ロータリー誕生の年に歯車も生まれた
世界中のロータリーの組織を象徴するため考案された歯車は、1905年(明治38年)ロータリー誕生の年に生まれている。
これは、ロータリー最初のクラブの彫刻家であったモンターギュー M. ベアが、シカゴの元気あふれる若い職業および専門職業人の新しいグループの徽章として、簡単にして、かつ素朴な形の車輪を描いて、これをクラブに持参し提供したことに始まるのだ。創設者ポール・ハリスは、モンティーに対し幾つかの試案の提示を求めた結果、ポールはじめ一同が一致して賛成したのが、この車輪である。つまり、車輪は皆に親しまれた象徴であり、車輪は第一Rotateするからであった。
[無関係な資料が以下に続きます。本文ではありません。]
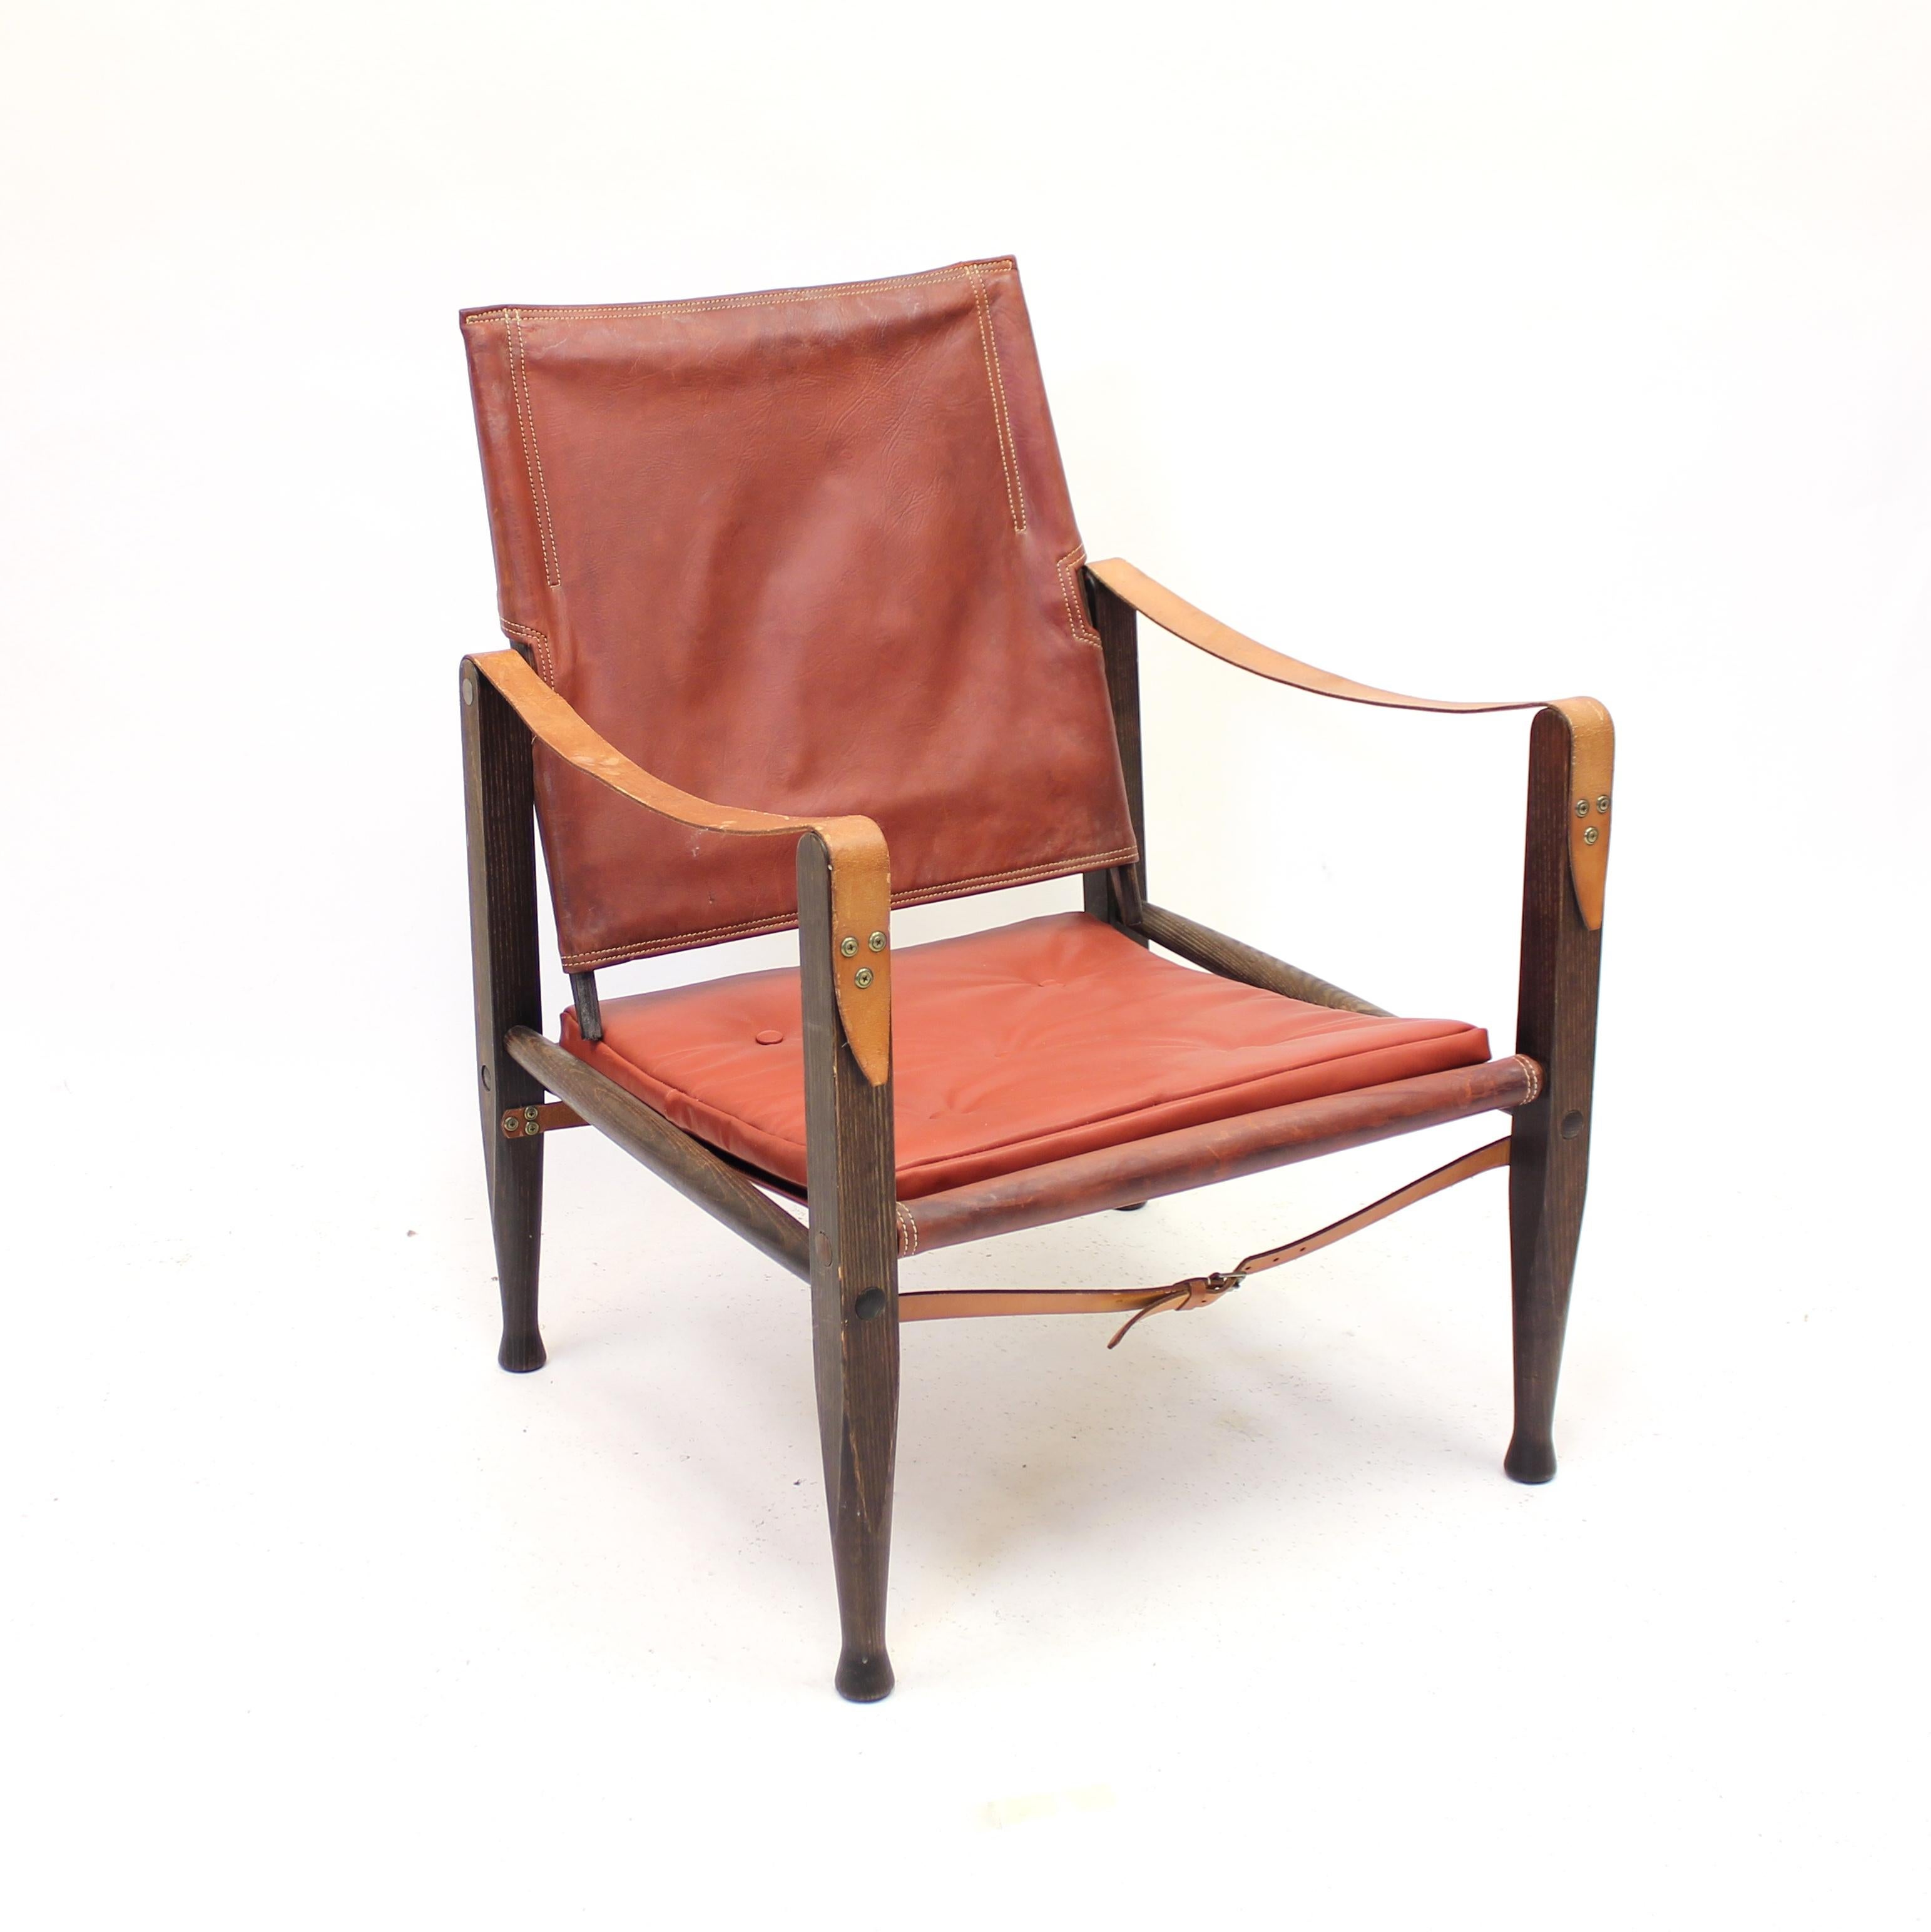 La légendaire chaise safari en cuir couleur cognac sur un cadre en chêne très foncé, conçue par le grand-père du design danois, Kaare Klint, en 1933 pour son collaborateur de longue date Rud Rasmussen. Cet exemple a vraisemblablement été produit au

これが今日、襟章として、道標として、カフスボタンとして、ネクタイとして、その他例会の襟章に、壁掛けに、レターヘッドに、その他いわゆるロータリーを象徴する記号として使われている歯車の始まりである。
モンティーの考案のままの車輪は、そのままでは続かず、その後幾多の改良が行われ、これではあまりに簡単すぎるという見地から、モンティー・ベア自身、さらに車輪の下の部分に、雲のようなデザインを加えた。しかし、その後、幻燈のスライド製作者である“Long Tom”Philipは雲の部分をさらに広げてその上にリボンをつけ、これにRotary Clubの文字を入れた。つまり車輪が現実に動いている体裁を整えたデザインにしたのであった。
独自の徽章を考案
この間、サンフランシスコ、オークランド、シアトル、その他のクラブでは、車輪を取り入れて独自の徽章を考案して使っていた。1910年に16のクラブが連合して新しいナショナルアソシエーションを組織したのであるが、定款その他の規定の作成に忙しく、徽章のことに触れる余裕がなかった。
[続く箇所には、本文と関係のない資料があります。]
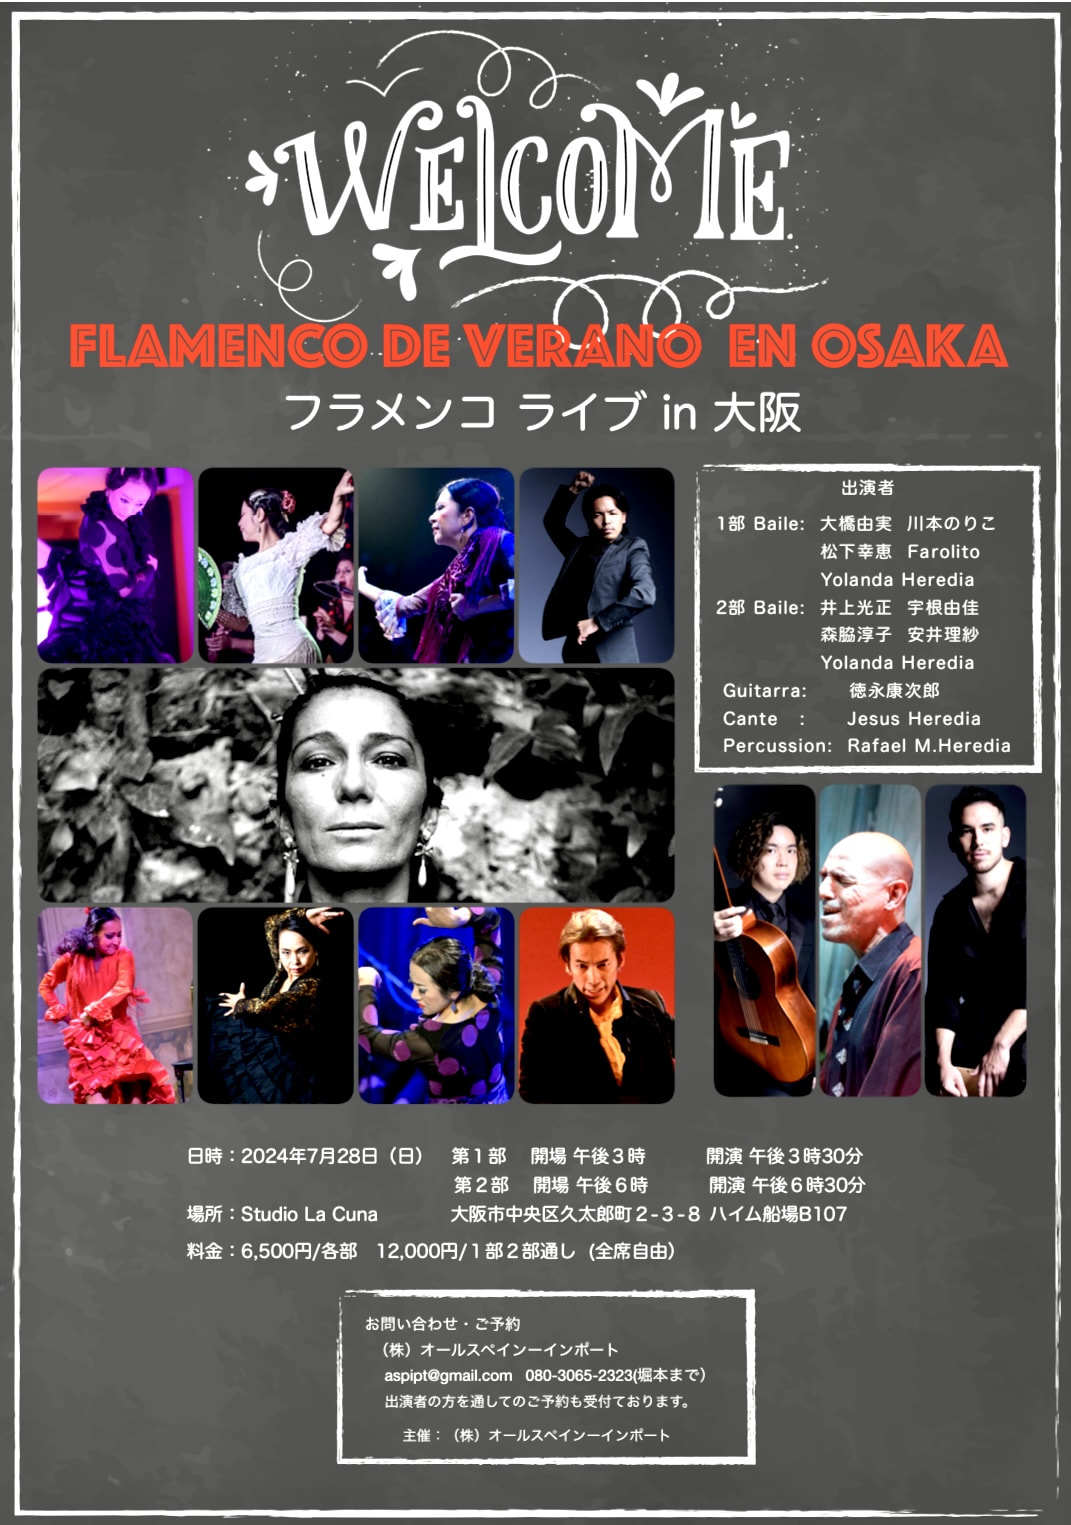 7/28(日)「FLAMENCO DE VERANO EN OSAKA」 フラメンコ ライブ in 大阪

本部はシカゴ・クラブの徽章を何とはなしに使っていたが、1912年ドルースで連合大会を開催するに当たり、本部としてもこのままにはできないので、全体に共通する徽章のデザインを考案するよう、全クラブに呼びかけた。しかし、もちろん車輪を基本的なものとすることに変わりはなかった。
かくして、ドルースの大会においてロータリーは名実ともに国際的になったが、ロータリーは、ここに初めてローヤル・ブルー(濃青色)と金色の歯車を正式の徽章として、制定したのであった。
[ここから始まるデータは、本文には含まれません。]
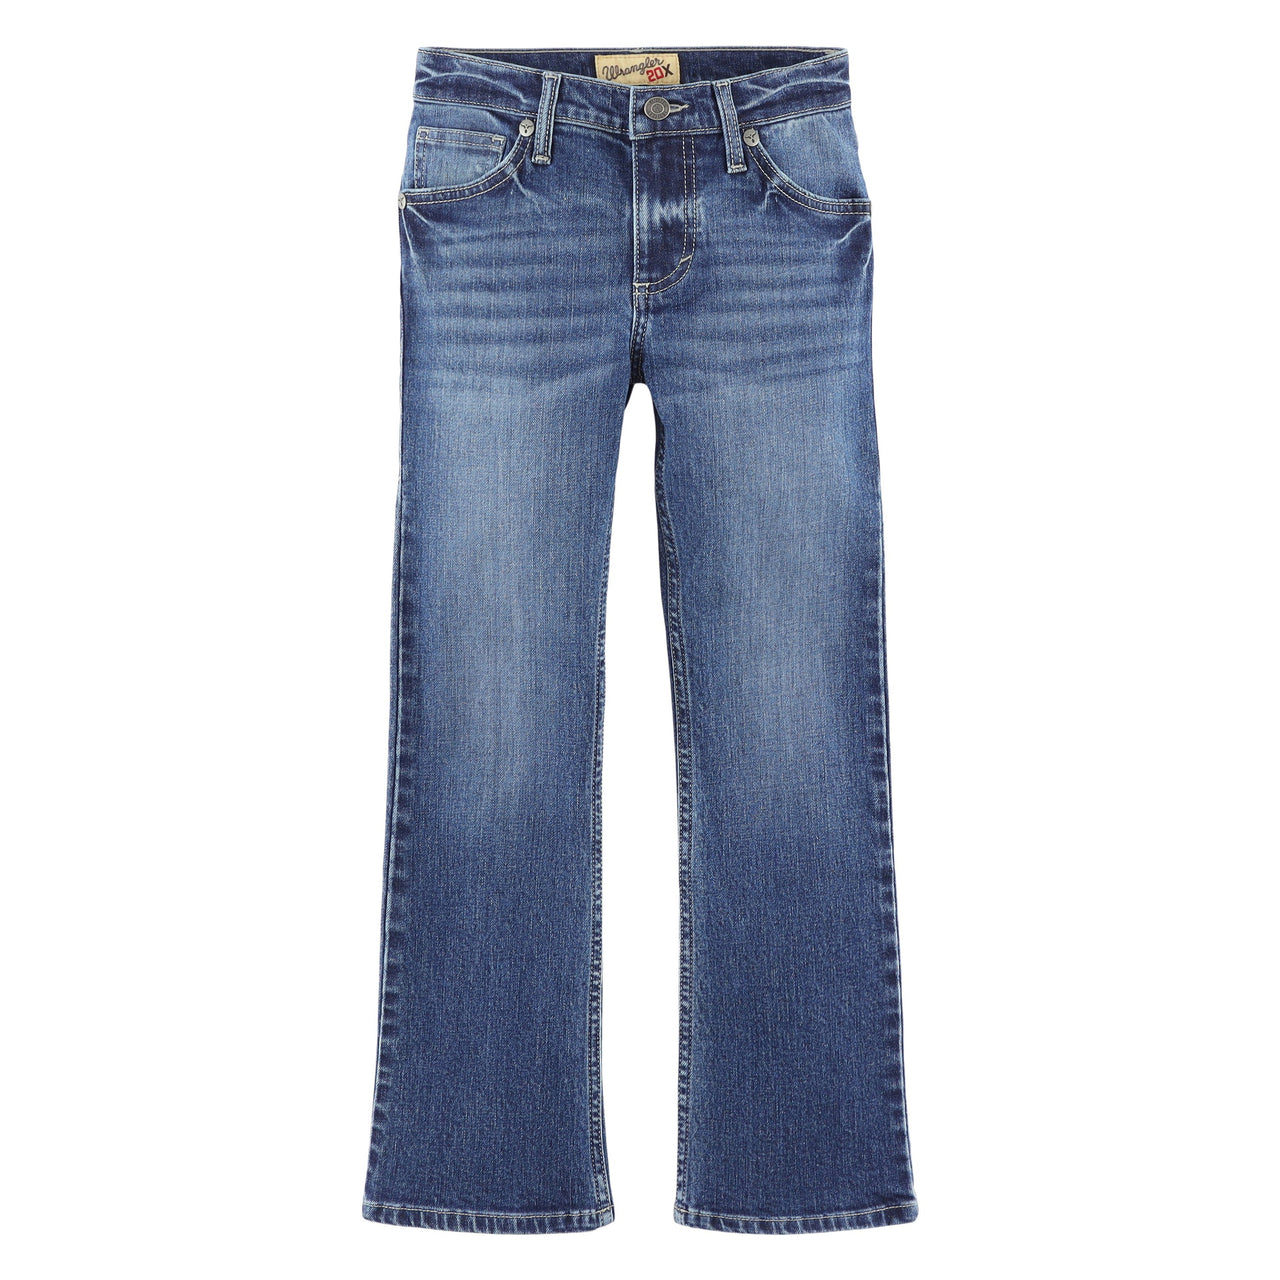 Wrangler Boy's Retro Slim Bootcut Jeans - Sorrel

しかし、その後専門家から、この歯車は技術的に不完全であり、このままでは動かないとの注意が出たので、2人の技術者(ドルースのOscar B.BjorgeとシカゴのCharles Henry Mackintosh)からなる委員会が任命され、技術的に正確に動く歯車が検討された。
楔穴を付け加え完成
この委員会が考案したデザインは1920年正式に採用公布となり、これが今日われわれが親しんでいるロータリー・マークであるが、ただ、ひとつだけ違いがある。それは、前記2人の委員が楔穴(Key way)を見落としたことで、これがないと歯車は車軸からの(または車軸への)力を伝えることができなくて遊んでしまうわけである。かくして楔穴も付け加えられて、歯車は休止することなく今日まで回転し続けているのである。
この歯車に国際ロータリーとしては、一般的な解釈以外に何か特別の意義を持たせているのではないかと、よく問題になるが、公式にいって何もない。しかし古来幾千のクラブが歯車の6つの輻と24の歯に特別の意義を見いだしている。